The apparatus is shown arranged for taking parallel records on the
smoked glass disc, and on the cylinder of the graphophone. On the left
is shown the microscope with which the records on the glass disc were
measured. ]
The speaking-tube used was of woven material, not of rubber, and a pad
of felt was kept in the tube near the diaphragm box. As far as
possible more damping was used at the other end of the tube, but this
had to depend on the voices of the subjects.
The best check on the performances of a diaphragm is the number per
second and character of the vibrations. The pitch may be calculated
from the rotation rate of the disc, which is very constant, as it is
driven at a low rate by the well-regulated high-speed motor of the
phonograph. But it is better to place a fork in position to write on
the disc and take a parallel record. All the records were taken with
the vowel ‘a’ (sound as in father). This vowel has a very
characteristic signature, which is easily seen, even in a very closely
packed curve, and the correctness of this is one of the best
guarantees that the fundamental of the tone is actuating the diaphragm
(though that does not mean that the diaphragm is actually giving the
vibration frequency of that fundamental).
Every record was repeated at least twice, and both records were
measured. In many of the experiments the intensities were fixed by the
conditions of the experiment. There was always the corroborative
testimony of the phonograph diaphragm; for the two were not apt to err
together. It was easy to determine if the actual intensity relations
were preserved in the phonograph (but it could not be taken for
granted). Each record was reproduced on the phonograph immediately
after it had been taken, and both subject and operator listened for
anomalies. In practice it was not hard to get records of the single
vowel used (at a small range of pitch which was never more than a
third or fourth and was nearly always much less) which represented
fairly well the relative intensities. Beside the checks spoken of
above, every record was repeated by a number of subjects, and the
comparison of the results of different voices shows uniformity.

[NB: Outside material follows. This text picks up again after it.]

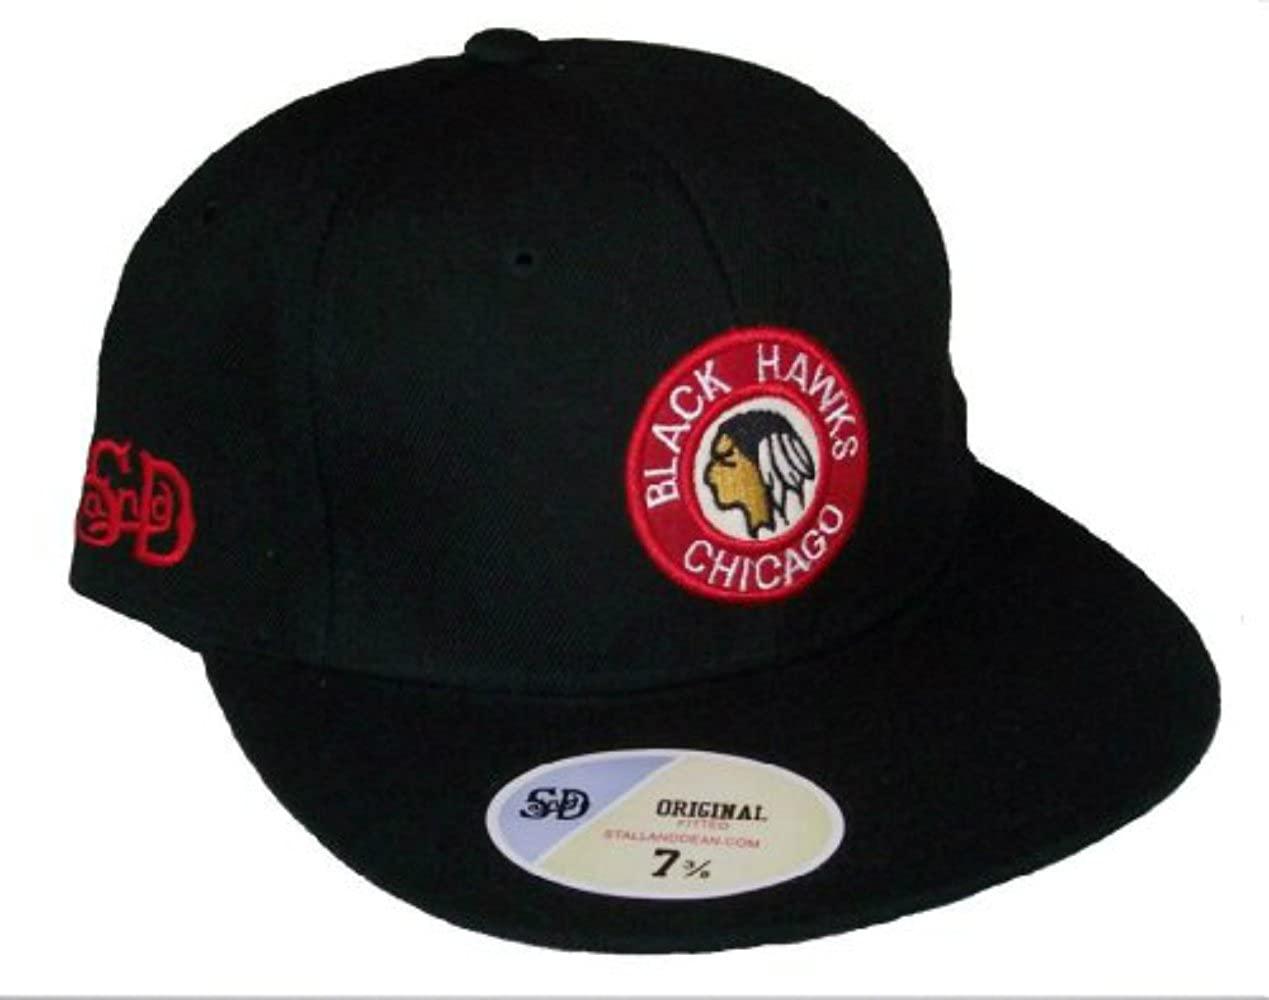 Genuine Merchandise Chicago Blackhawks Vintage Logo Black Fitted 8 Hat Cap

The recording of spoken verse is another matter. It is not difficult
to test a diaphragm carefully through a small range, but to be certain
of its action at all the pitches and qualities of the speaking voice
is impossible. A stable diaphragm, glass or mica, would have to be
used, and careful corrections made for the different vowels.
At best, when the records are satisfactory, nothing can be said for
the measurements of intensity but that they represent relations of
more or less; the diaphragm has a minimum intensity, below which it
does not vibrate, and a maximum intensity, above which the amplitude
of its vibrations does not materially increase without breaking into
partials and ‘blasting.’
The disc recorder, which had for a mount a modified microscope stand,
was placed on the shoe of the disc stand and clamped. The wax and disc
records were adjusted at known starting-points and the stylus
carefully lowered, by the rack and pinion adjustment, to the surface
of the disc. After a preliminary trial of the diaphragm the apparatus
was started, and when at full speed at least two satisfactory records
of the material were taken. When the disc had made a single
revolution—a record of some ten or fifteen stanzas—the recorder was
fed inward to a new circle on the disc. After the records were taken,
a microscope with either 2 or 4 Leitz objective and a micrometer
ocular was substituted for the recorder. The phonograph recorder was
raised and drawn back to its starting point, and the disc came back to
its original position. The microscope was focussed, and adjusted by
the screw of the shoe until it had the record line in its field; the
micrometer furnished an object of reference in the field. The
phonograph, now carrying the reproducer—if possible without a horn,
as the tones are truer—was started. At the first syllable of the
record the apparatus was stopped by the device furnished on the
‘Commercial’ phonograph, and the plate was turned by adjusting the
screw at the phonograph carriage, which changed the length of the
chain connecting the two records, until the record of the first
syllable was at some chosen point in the field. In cases of records
of poetry it was found better to have a set of syllables, say ‘one,
two, three’ prefixed to the record, for this adjustment. The
phonograph was again started, and the curve-forms representing the
spoken syllables filed past the point as the phonograph repeated each
syllable. The rate was slow enough, with the objective 2, so that
there was no difficulty in observing the passing syllables. After the
conformity of the phonograph record had been noted by the operator,
and the subject had passed judgment on the phonograph as saying
satisfactorily what he had said, the curve-forms were measured with
the micrometer. The record was fed slowly through the field by means
of the chain screw on the phonograph carriage; and measurements of the
lengths of syllables gave their time values. The micrometer was passed
back and forth across the form by the shoe screw, for the measurements
of amplitude (intensity). The micrometer measurements in this case
could be made at least as rapidly as measurements of kymograph curves.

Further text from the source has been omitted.